En una época en que la mayoría de novelas históricas se ajustan a un formato televisivo en cuatro actos con tres escenas de acción, y donde los personajes hablan como en pleno siglo veintiuno, las novelas de O’Brian son un bofetón a las convenciones narrativas. Empiezan en cualquier lado y terminan abruptamente (a veces, casi literalmente, a mitad de un abordaje), y sólo cuando estás a mitad de libro te das cuenta del genio de O’Brian, que ha conseguido darte exactamente toda la información necesaria sin parecer que te está dando la información necesaria.
Esto no quiere decir que sean libros de lectura fácil: la elegancia de otros tiempos que destila cada página, y el asombroso dominio del lenguaje del que hace gala O’Brian, que aplica adjetivos con la precisión de cirujano de Maturin y la alegre sed de sangre de Aubrey, no son para gente con la atención puesta sólo a medias en la lectura. Por no hablar de la ordalía de términos náuticos por la que te hace pasar: una especie de prueba de fuego que marca si odiarás los libros o los amarás de por vida.
Yo los amo: amo el humor seco y sardónico de Maturin, la energía de Aubrey, los personajes secundarios abocetados con maestría en dos líneas, la vívida estampa de la vida a bordo y en tierra, en guerra y en paz. Me gustan los pasajes filosóficos, los pasajes introvertidos, los pasajes de acción, los capítulos técnicos y los capítulos eruditos. Me gusta cuando la acción se centra en las labores de Maturin como agente de inteligencia, como naturalista o como médico. Me gusta cuando la acción se centra en las labores de Aubrey como capitán, como marido o como político. Me gusta cuando los dos personajes se juntan en lo único que realmente los une, la música. Me gustan sus desencuentros, sus enemistades, y las líneas que marcan a su relación. Me gusta cuando Jack se porta como un asno y cuando Maturin deja a alguien clavado en el sitio con la fuerza de su mirada fría, reptiliana, cruel. Me gustan los personajes femeninos: Diana y Sophie, polos opuestos extraordinariamente bien retratados. Me gusta la manera poco teatral, realista, de llevar el tempo durante una batalla o después de ella, y de guiarnos a través de las sucesivas campañas. Me gustan los inevitables pasajes, repetidos en cada libro, donde se habla de la rutina de la vida a bordo. Me gustan las referencias a adagios de Corelli o de Haydn, las expediciones entomológicas de Stephen, el retrato perfecto de la crueldad de la época, y los nada raros momentos de humor. Me gustan. ¿Se nota?

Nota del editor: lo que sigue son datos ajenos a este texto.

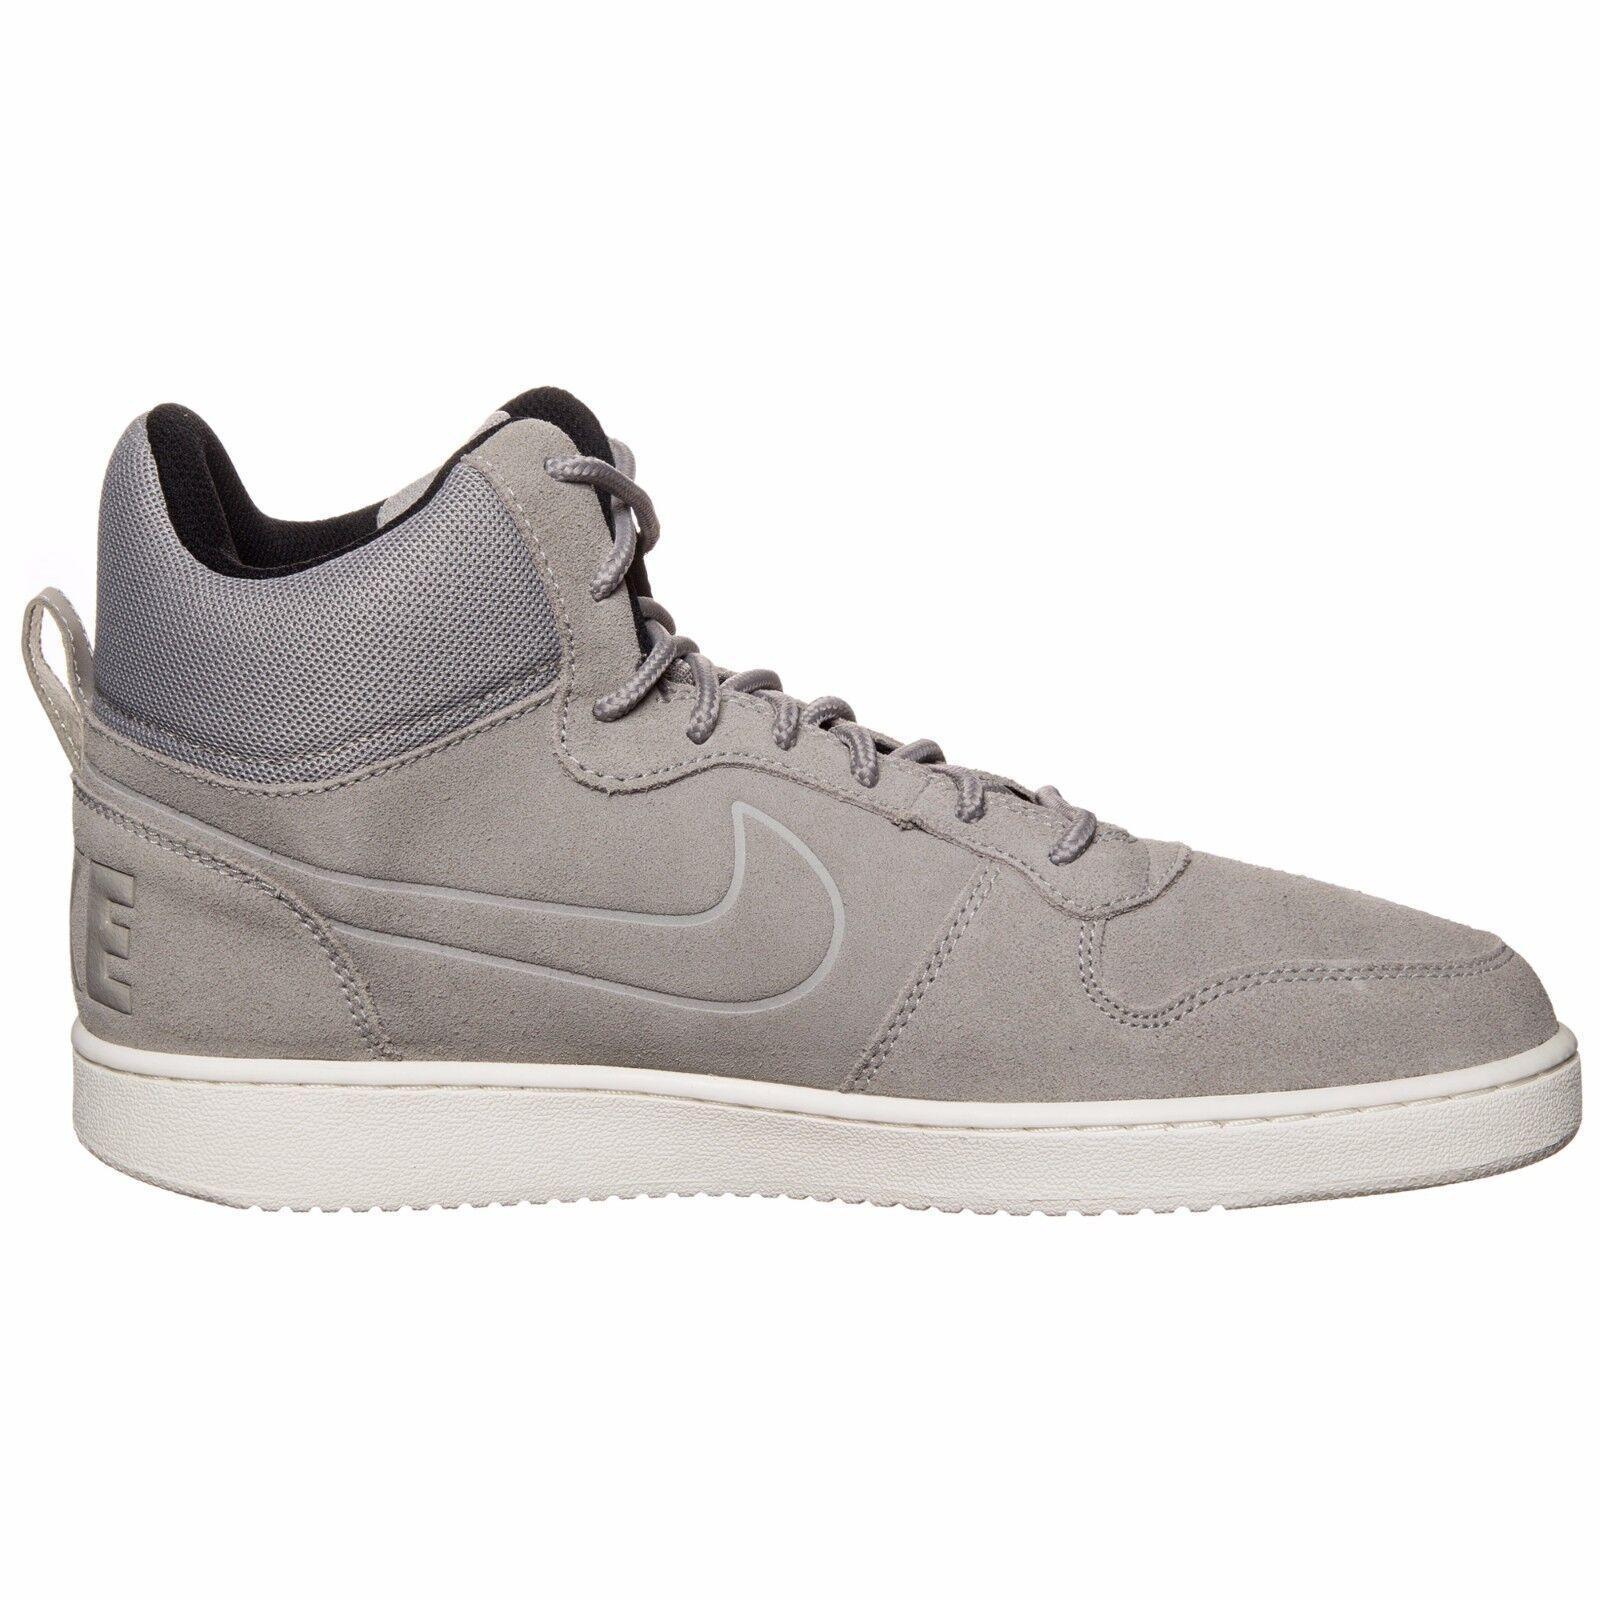 Nike - Court Borough Mid Prem - Scarpe Uomo - Cobblestone Sail - 844884 006 | Sensazione Di Comfort  | Sig/Sig Ra Scarpa

En este caso, por desgracia, no os puedo decir que os gustarán también a vosotros. En primer lugar, O’Brian hace pocas concesiones al lector, que tiene que poner bastante de su parte. En segundo -y más importante- lugar, en este caso la traducción al español no es especialmente afortunada. Ignoro si alguna traducción puede hacer justicia al estilo personalísimo de O’Brian. Pero los dos libros que me he leído traducidos (el primero y el tercero de la serie) fallan, fallan estrepitosamente en transmitir gran parte de la magia de la saga. En parte es la falta de términos equivalentes del argot náutico, imagino. Pero es que también se pierde gran parte de las peculiaridades del lenguaje, del humor, y del ingenio que usa O’Brian y que suele poner en boca de Maturin -un trasunto del propio O’Brian, como Aubrey pudo ser el ideal al que aspiraba el escritor-; un ingenio afilado, cruel, certero y brillante que me lleva de vuelta a los libros una y otra vez, la veintena completa, sin dejarme ninguno. Son un antídoto ideal contra todo lo que últimamente, como lija, desgasta la superficie de la mente, abrasivo y banal.
Así que cuando las matrices, los príncipes y las demás miserias pequeñitas de la vida me raspan la paciencia demasiado fina, sabed que por las calles de Corvallis, me encontraréis leyendo los libros de Patrick O’Brian. Y al que no le guste, buen viento.